As per the Tulu culture, annual chariot festivals, Nemotsava, folk ritual dances, Kambala, Yakshagana and various other rituals are across Tulunadu resume in ‘Jarde’ month of the Tulu calendar and conclude in Pattanaje. Pattanaje is setting a deadline for celebration in Tulunadu. Pattanaje Rule is practiced in Dakshina Kannada, Udupi and Kasaragod and parts of Madikeri districts of state Karnataka. The annual festivals, special Parvas and festivals held in the Divine Temples are concluded on this day. The next three months is a break and there will be no Korikatta (Cock Fight), Boothakola, Car festivals, No special festivals are held in Tulunadu temples but only regular worship and everlasting sacrifice are held as usual.

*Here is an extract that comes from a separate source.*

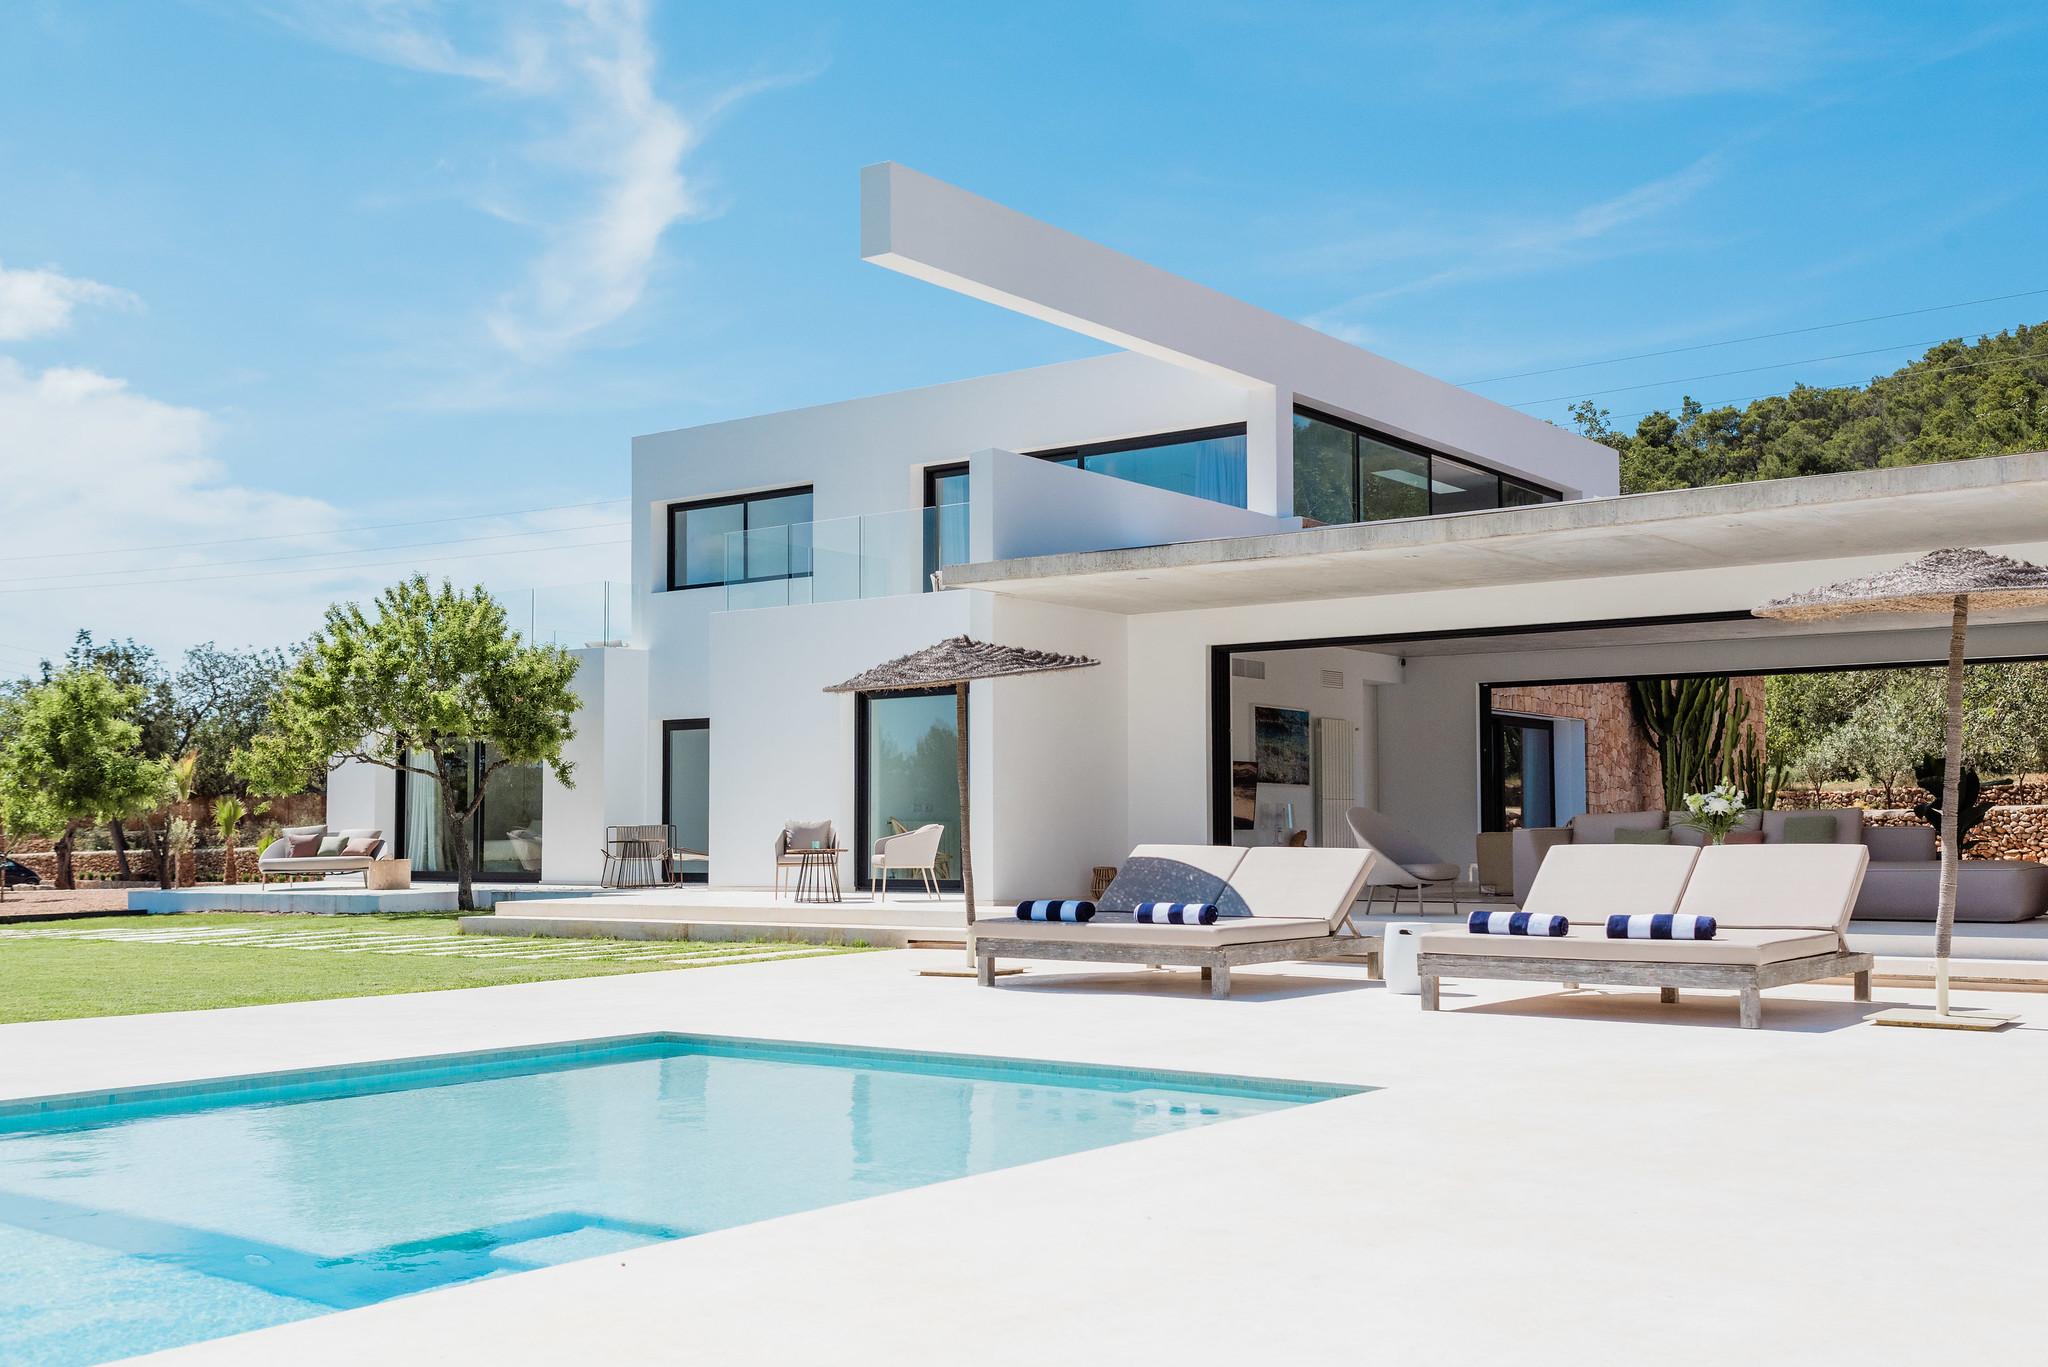 https://www.white-ibiza.com/wp-content/uploads/2020/06/white-ibiza-villas-can-carmen-exterior-view-from-pool.jpg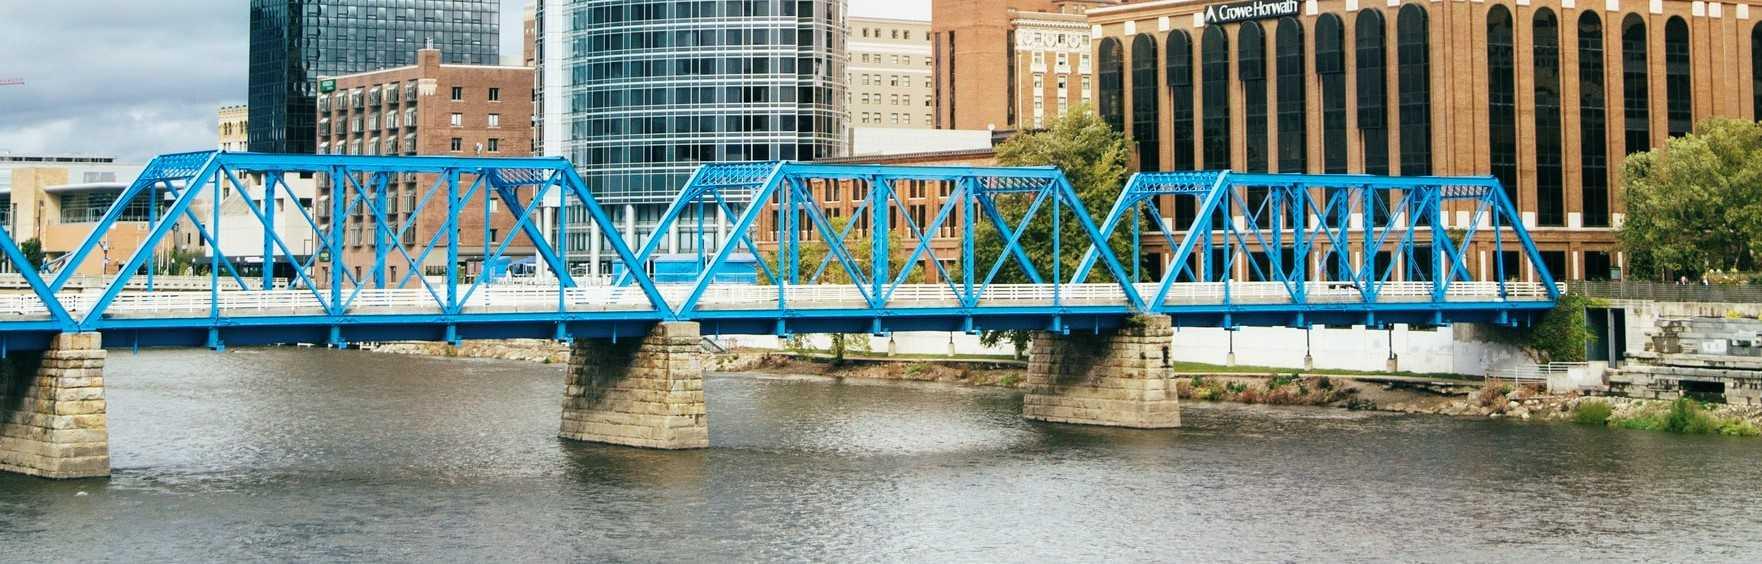 Bridge in Grand Rapids, Michigan | Breast Cancer Car Donations

There are more than thirty folktales in Tulunadu. Some of them are run by different castes. These looms continue to run differently from Ati to Patanaje. Ati kalanja, Sonada jogi, sonada madimal, kaveri puruse, madira, mayita purse, mankali, marve, kanyapu, polsondi popini, moorle nalike, Siddavesa, karaga nalike, kandakori nalike, Keddaso leppu, etc. Out of there the role of women participation is includes Madira, Sona Madimamal, Polsodi Pope, Moorle Nalike etc.

==Custom==
On the day of Pattanaje, Guliga, Bairava, and all other place of worship of a deity, Shrine of Bhuta, Serving rice and other edibles on a plantain leaf for appeasing special spirits. Most rituals of pattanaje are held outside of house mostly in daivasthana, guligana katte, bairavaa katte or just in front of spirit stone.

==Mugera Ritual==
On this day they offer tambila to the family deities. All the family gathered at their home. Married ladies must attend the event. They should bring one young hen which has not yet laid eggs and one kilo rice, spices and pepper should be brought. The eldest person called Kapada doing all the rituals and prayed to kutumba daiva that the daughters should not get into trouble.

==Gejje Bicchapuna==
All yakshagana mela around Tulunadu region take off their costume and keep safe aside for next term it will begin on Parbo (Deepavali Generally) it is called Gejje Bicchapuna.